Since commit abafbc551fdd ("vfio-pci: Invalidate mmaps and block MMIO
access on disabled memory") VFIO now rejects guest MMIO access when the
PCI_COMMAND_MEMORY (MSE) bit is OFF. This is however not the case for
VFs (fixed in commit ebfa440ce38b ("vfio/pci: Fix SR-IOV VF handling
with MMIO blocking")). Furthermore, on s390 where we always run with at
least a bare-metal hypervisor (LPAR) PCI_COMMAND_MEMORY, unlike Device/
Vendor IDs and BARs, is not emulated when VFs are passed-through to the
OS independently.
Based upon Bjorn's most recent comment [1], I investigated the notion of
setting is_virtfn=1 for VFs passed-through to Linux and not linked to a
parent PF (referred to as a 'detached VF' in my prior post). However,
we rapidly run into issues on how to treat an is_virtfn device with no
linked PF. Further complicating the issue is when you consider the guest
kernel has a passed-through VF but has CONFIG_PCI_IOV=n as in many
locations is_virtfn checking is ifdef'd out altogether and the device is
assumed to be an independent PCI function.
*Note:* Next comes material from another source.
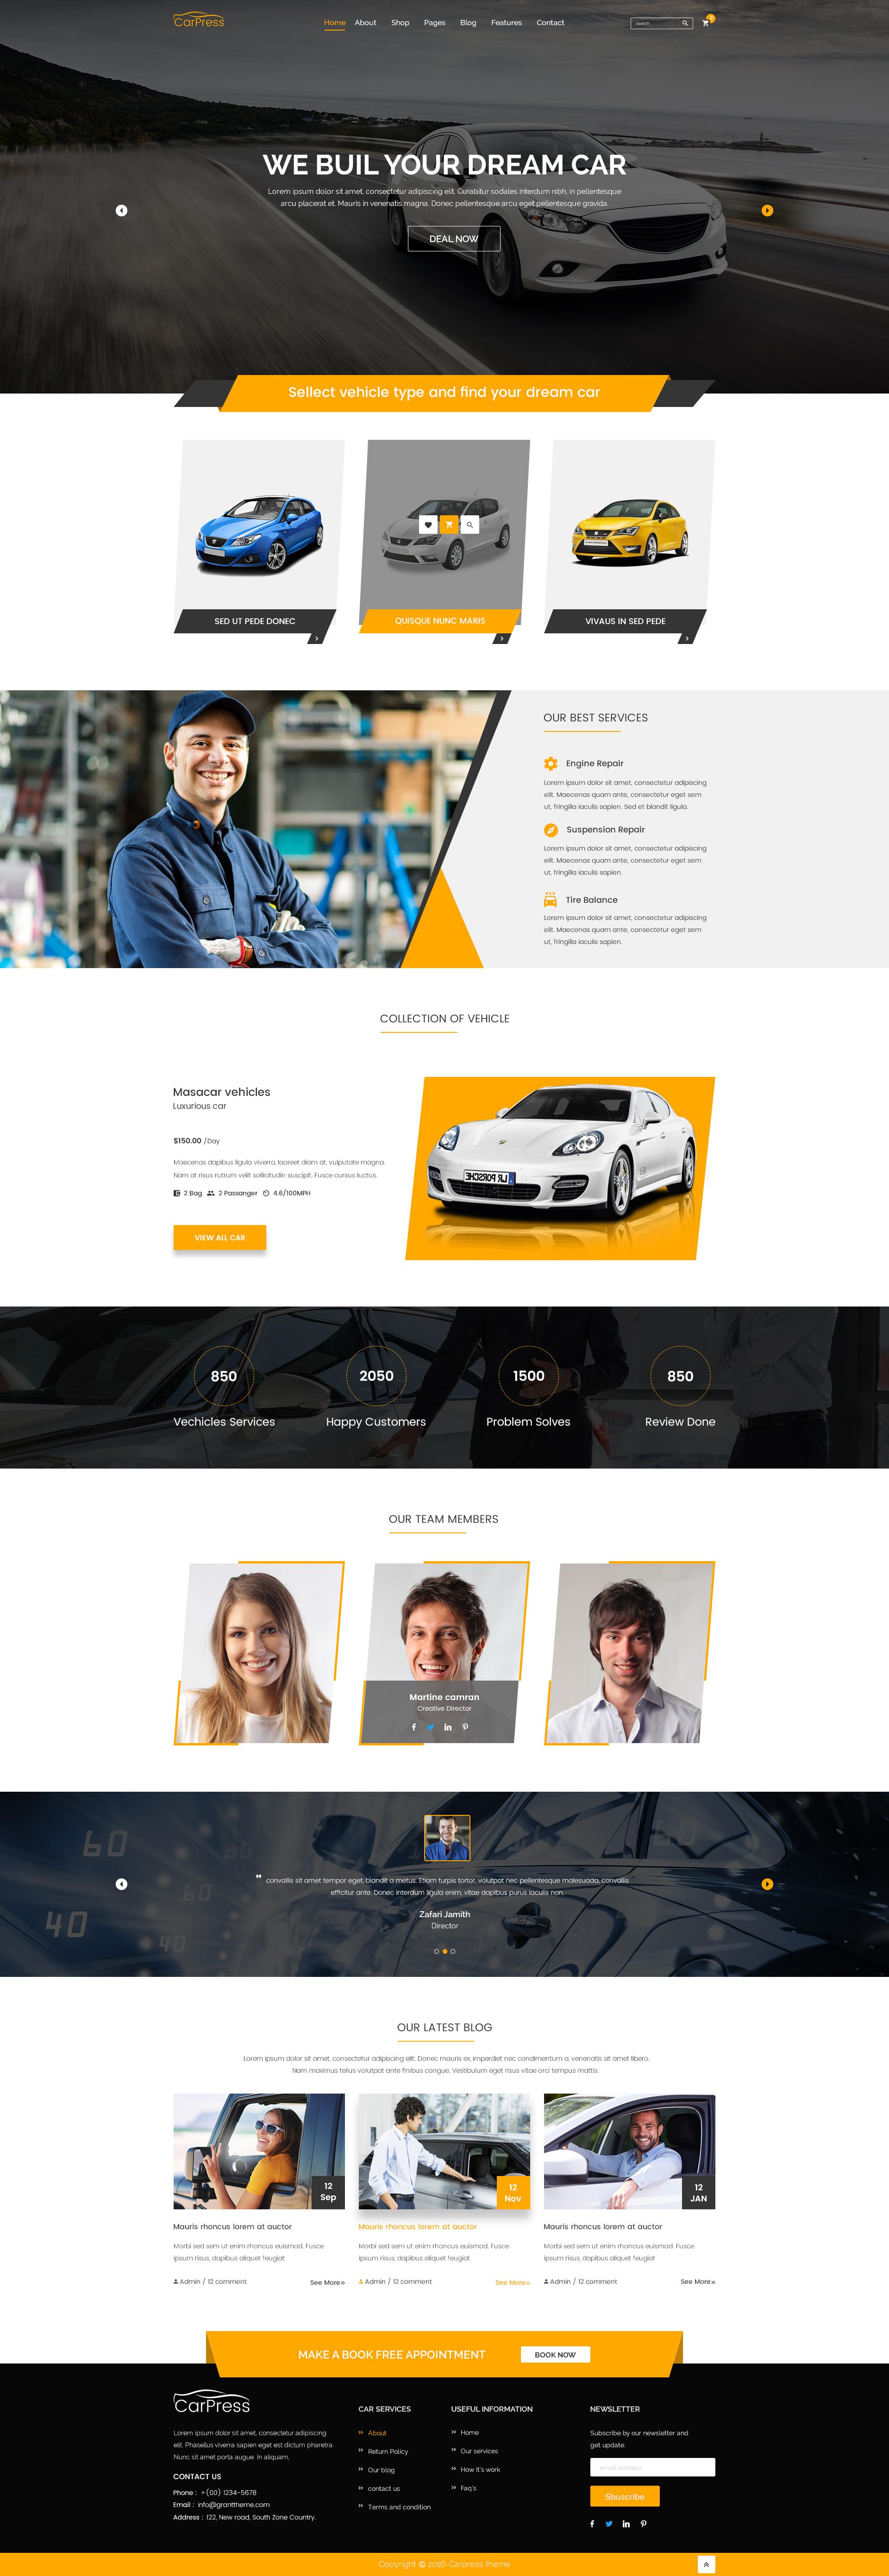 Carpress For Car Shop And Car Repiar Html5 Template By Radontheme

The decision made by VFIO whether to require or emulate a PCI feature
(in this case PCI_COMMAND_MEMORY) is based upon the knowledge it has
about the device, including implicit expectations of what/is not
emulated below VFIO. (ex: is it safe to read vendor/id from config
space?) -- Our firmware layer attempts similar behavior by emulating
things such as vendor/id/BAR access - without these an unlinked VF would
not be usable. But what is or is not emulated by the layer below may be
different based upon which entity is providing the emulation (vfio,
LPAR, some other hypervisor)
So, the proposal here aims to fix the immediate issue of s390
pass-through VFs becoming suddenly unusable by vfio by using a dev_flags
bit to identify a VF feature that we know is hardwired to 0 for any
VF (PCI_COMMAND_MEMORY) and de-coupling the need for emulating
PCI_COMMAND_MEMORY from the is_virtfn flag. The exact scope of is_virtfn
and physfn for bare-metal vs guest scenarios and identifying what
features are / are not emulated by the lower-level hypervisors is a much
bigger discussion independent of this limited proposal.
Changes from v3:
- Propose a dev_flags model for the MSE bit
- Set the bit for typical iov linking
- Also set the bit for s390 VFs (linked and unlinked)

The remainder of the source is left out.